The question at issue is not when US forces took the airport, but when US forces reached "the outskirts" of the airport. Fisk lied. The US reached "the outskirts" of the airport on the morning of thursday the third of April. The US announced this, referring to "the outskirts of the airport", the minister denied it, and Fisk claimed to confirm the ministers denial, though in reality no newsmen were permitted to check the minister's claims.
Exactly what Fisk wrote - the Ministry took the journalist to the airport, there were no Americans there.
The US claim (3rd April) was that Americans were on "the outskirts". The minister of information did not merely deny that American troops were relaxing in the airport lounge, he denied that US troops were anywhere near the airport. The goons from the ministry of information did not permit the newsmen to see the outskirts, a most curious restraint, a restraint that Fisk neglects to mention.
Anyway Baghdad is a big city and this is NOT a war with rigid front lines (one of the reasons the Iraqis managed to capture logistical support staff). It is perfectly possible that someone could be 20 km west from the city centre but not in visual contact with US ground units only 15km from it, or that a small US reconnaissance force watching over the airport from one direction could be invisible to journalists looking at it from another.
Yes, fog of war and all that. But Fisk did not merely say that he did not know, he said he did know, and supported that pretended knowledge by deceptively omitting crucial facts -- that the newsmen got a guided tour to the airport lounge and back to Baghdad, a tour that curiously that omitted any opportunity to check the facts in dispute, curiously failed to show what had been promised would be shown. The fact that the newsmen were not taken around the outskirts shows that had they been taken there, they would have encountered US troops. Obviously, if US troops had not been massing on the outskirts of the airport, preparatory to taking it, the guided tour would have included the outskirts, since on the third of April, the outskirts were the issue in dispute.
Fisk is no friend of the US government - though from reading his stuff I think he hates the Ba'athists and the other middle-east kleptocracies even more,
Assuming he is Baghdad at all, which I very much doubt, why no mention of the Ministry of information minders? If he did not love totalitarian terror regimes, why omit this crucial fact? Saudi Arabia is a kleptocracy. Baathism is totalitarian. The fact that you are unaware of this shows where Fisk's heart lies. He wants a world of slavery and terror.
The two articles you quote are really about different things - the US paper is doing a roundup of the events of the day, with a gung-ho spin on it; the main thrust of Fisk's piece is in fact about how the Iraqi propaganda is widely disbelieved by Iraqis - using the absurd monuments to the so-called victory against Iran as an image of the bombastic rubbish the Ba'athist government spouted - and comparing it with two pieces of US propaganda that he thinks were untrue.

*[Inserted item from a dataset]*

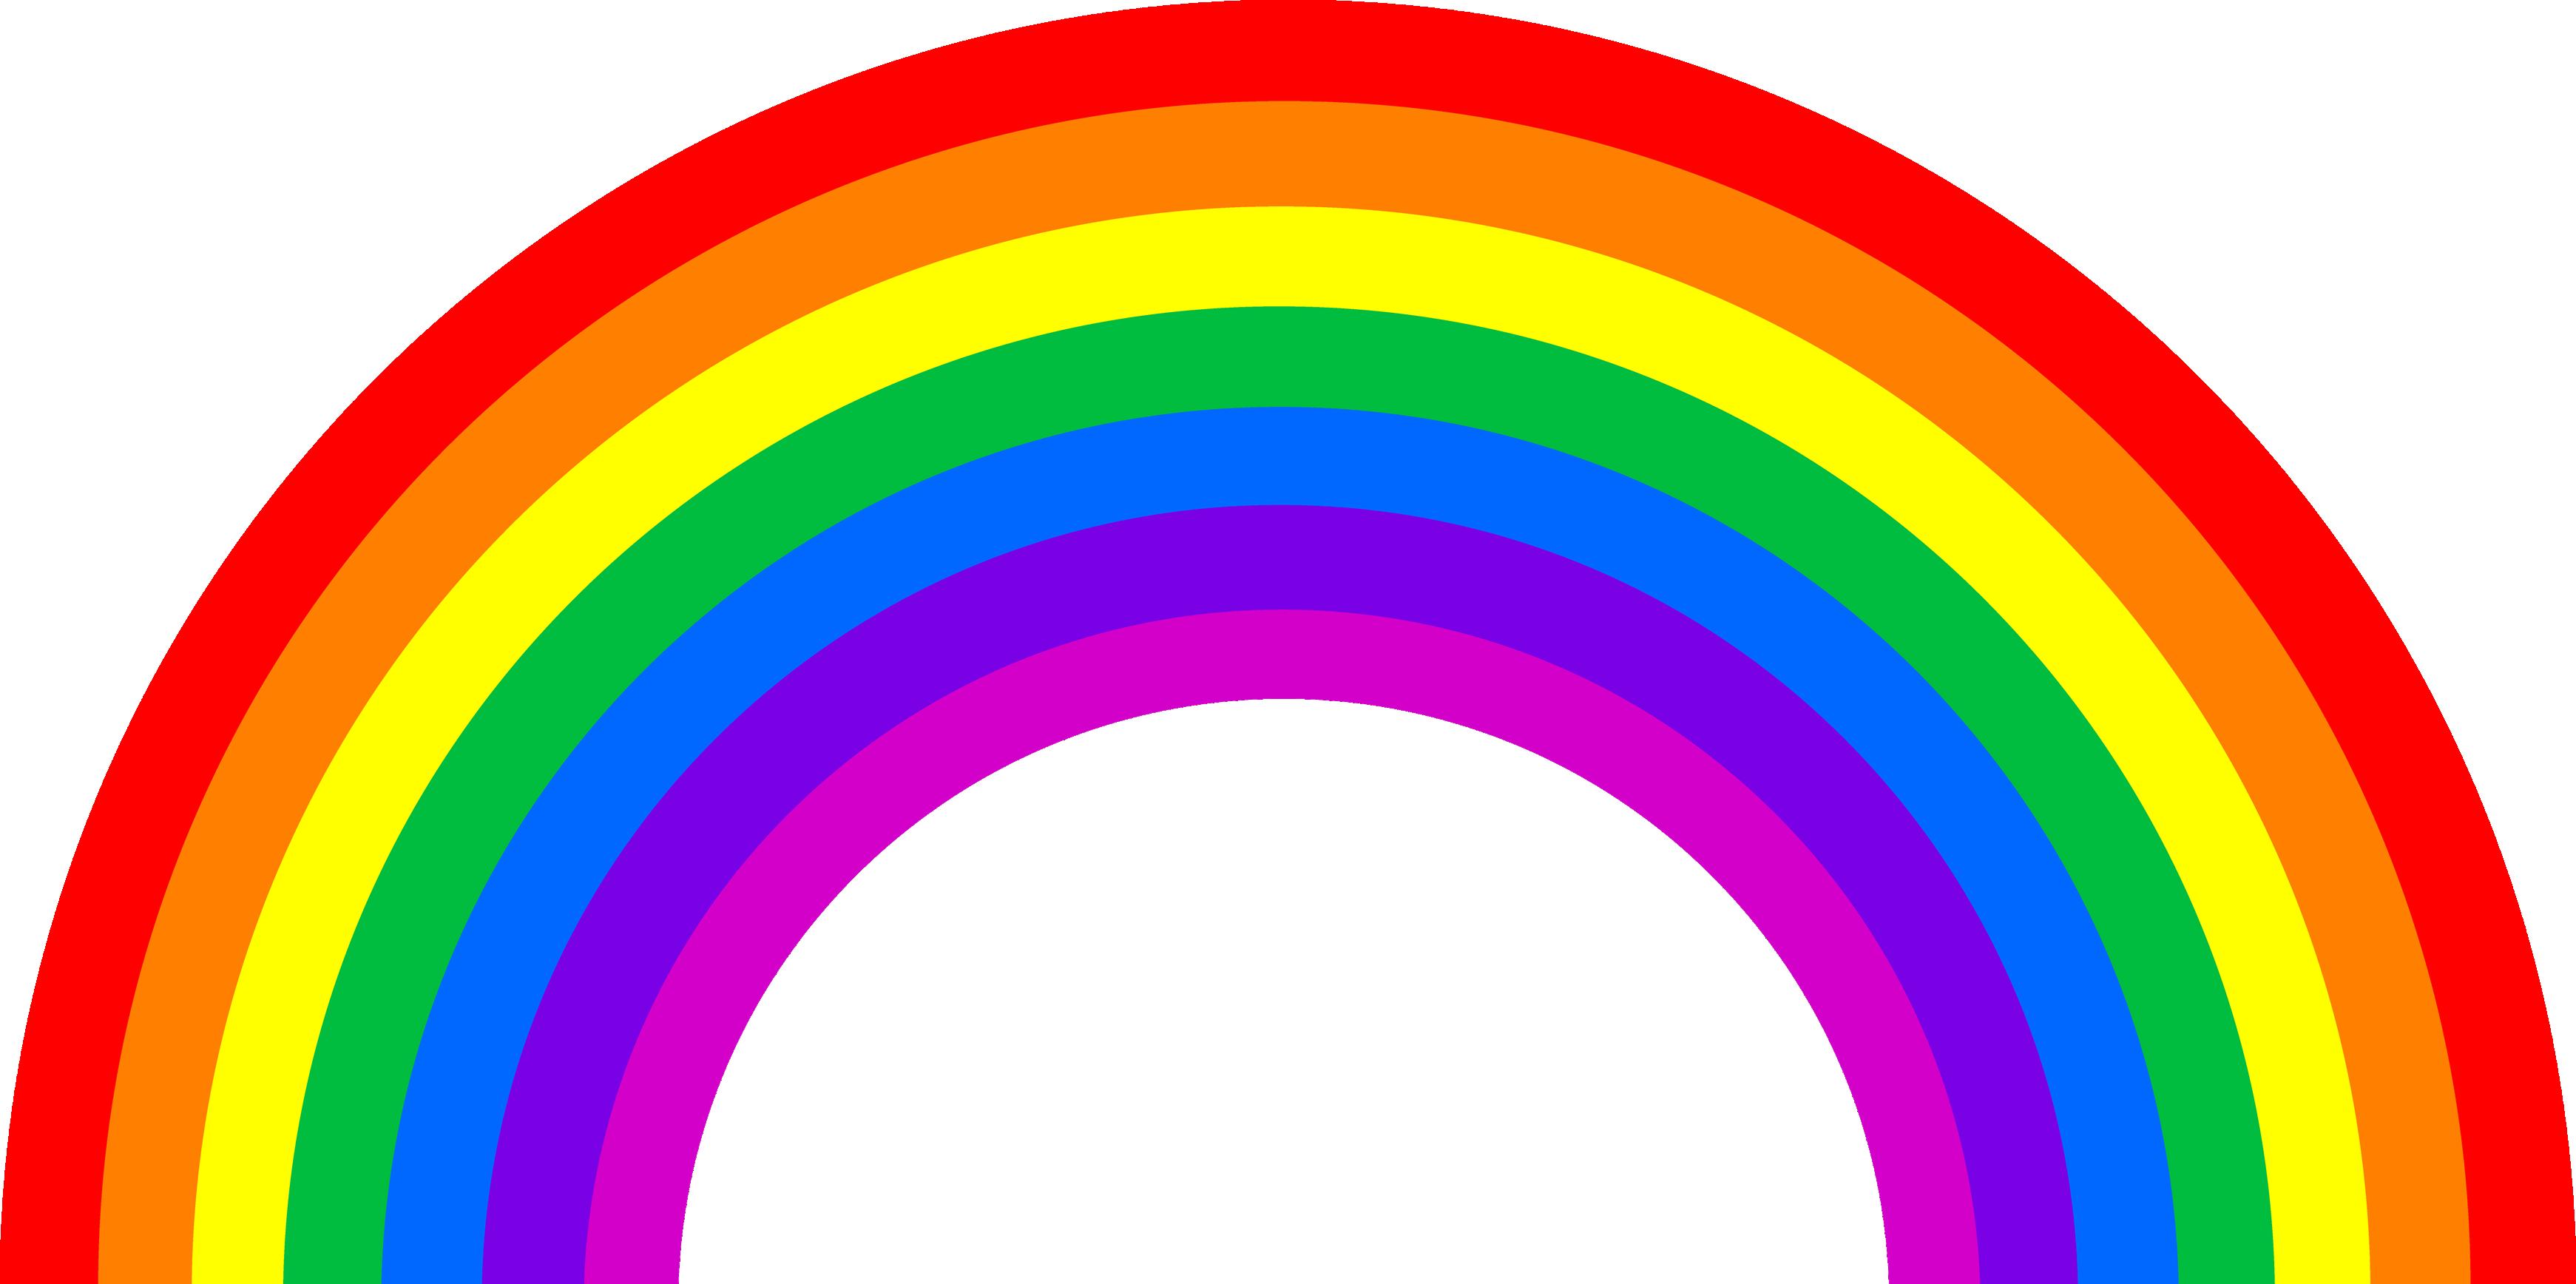 Transparent background rainbow clipart picture transparent Rainbow Transparent Background | Free download best Rainbow ... picture transparent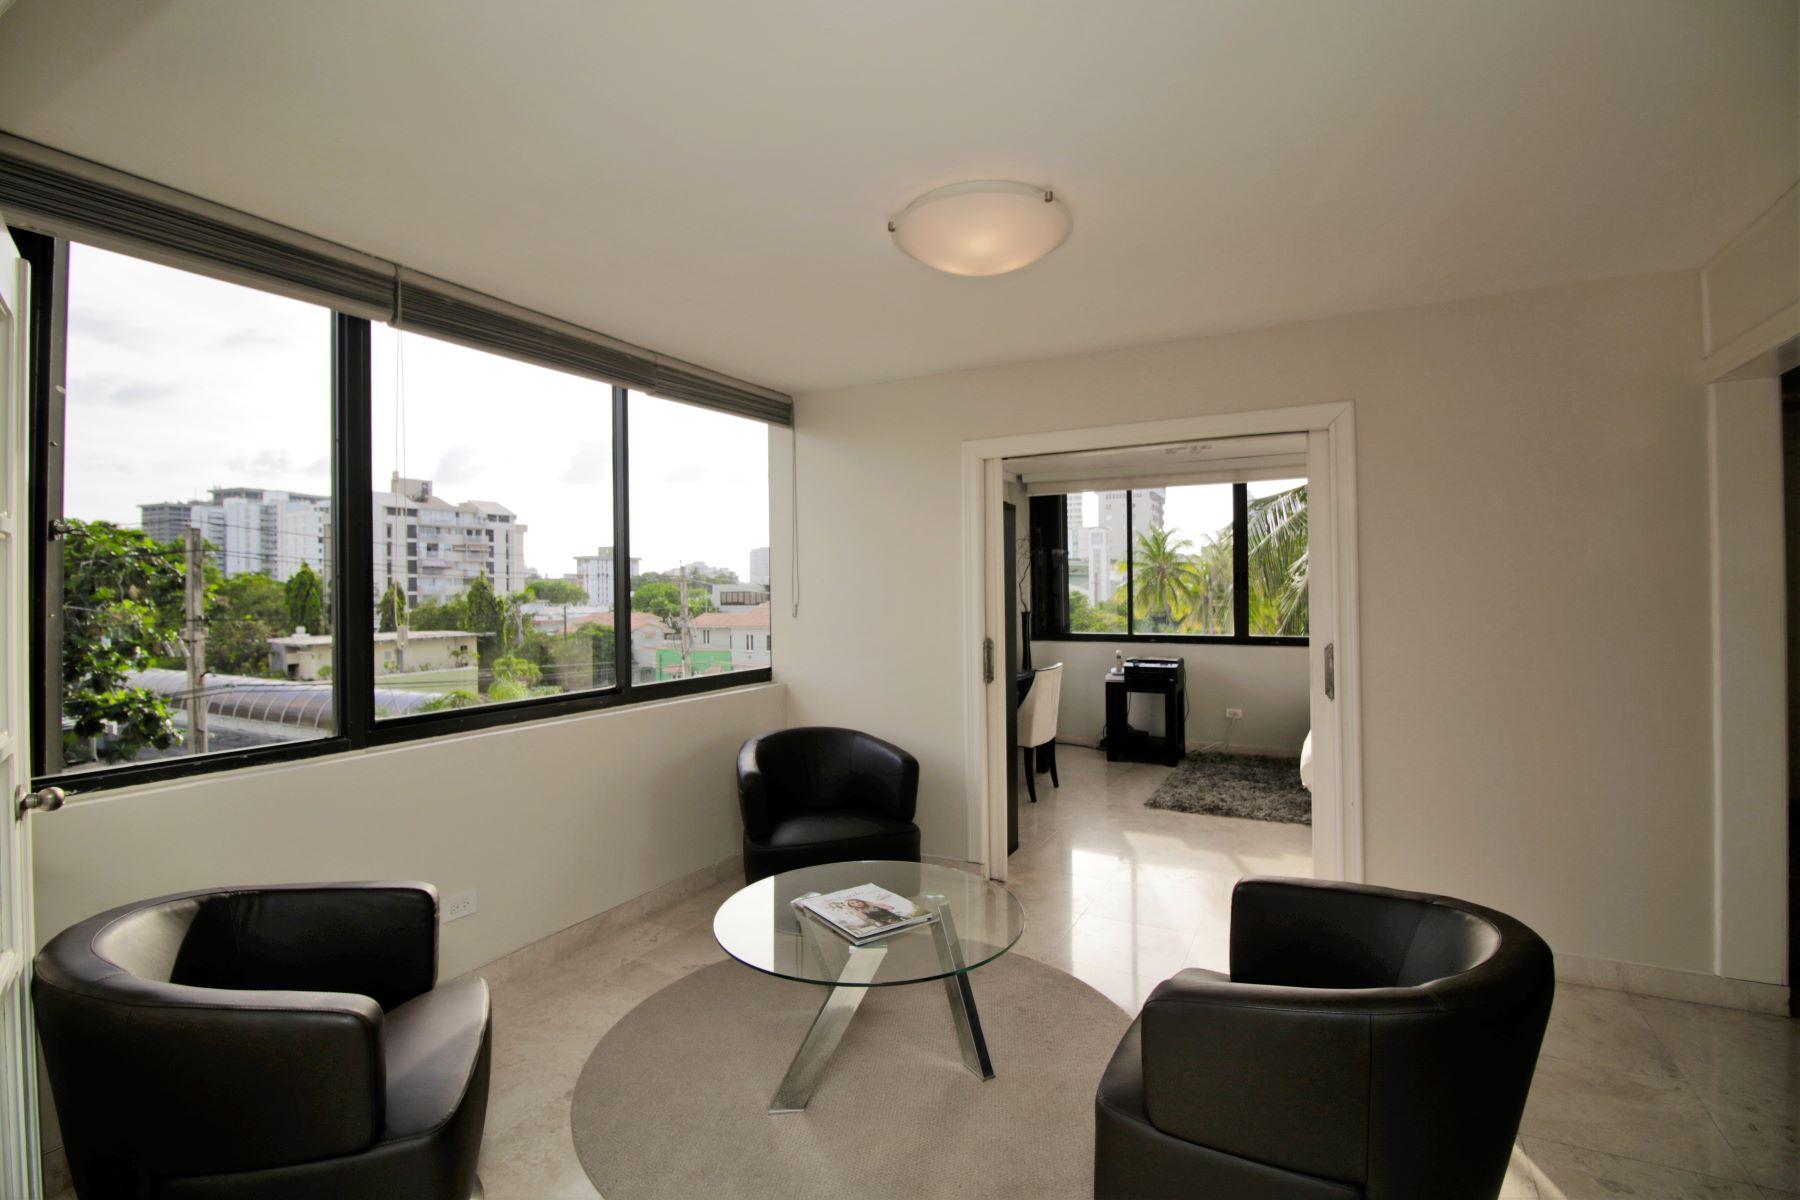 Additional photo for property listing at Expansive Three Bed Rental at La Ceiba 1483 Avenida Ashford Apt 402 San Juan, Puerto Rico 00907 푸에르토리코

The old moral equivalence deal. Stalin supposedly equals McCarthy. But they were not morally equivalent, and he did not merely say he thought they were untrue, he claimed to have seen with his own eyes that one of those "pieces of US propaganda" was untrue, when we now know it was true. US troops *were* on the outskirts, and were massing preparatory to an attack which took place shortly after the journalists visit.
The Americans are saying "we will inevitably win a glorious victory".
Fisk is saying "all governments are liars in wartime".
No, the Americans were saying "we have reached the outskirts of Baghdad airport", and Fisk was saying "Americans have not reached the outskirts of Baghdad airport." But now we know they had reached the outskirts of Baghdad airport.
NB the Independent publishes most of Fisk's columns in their "Argument" section, i.e. as opinion, not reportage.
But Fisk adds authority to his opinions by claiming to report from Baghdad.
Probably Fisk did not know where the American forces were, but he assured the reader, with great confidence, that he did know.
No he didn't, he assured his readers that he knew where they *weren't* - that is right in front of him.
He assured his readers that US troops were not on the outskirts of Baghdad airport, but they were on the outskirts of Baghdad airport. By omitting to mention the journalists were taken on a guided tour by Ministry of information minders, a tour that conspicuously failed to show them the outskirts, he gave his readers an entirely false impression of what was in front of those journalists. As to what was in front of him, I suspect his desk in England.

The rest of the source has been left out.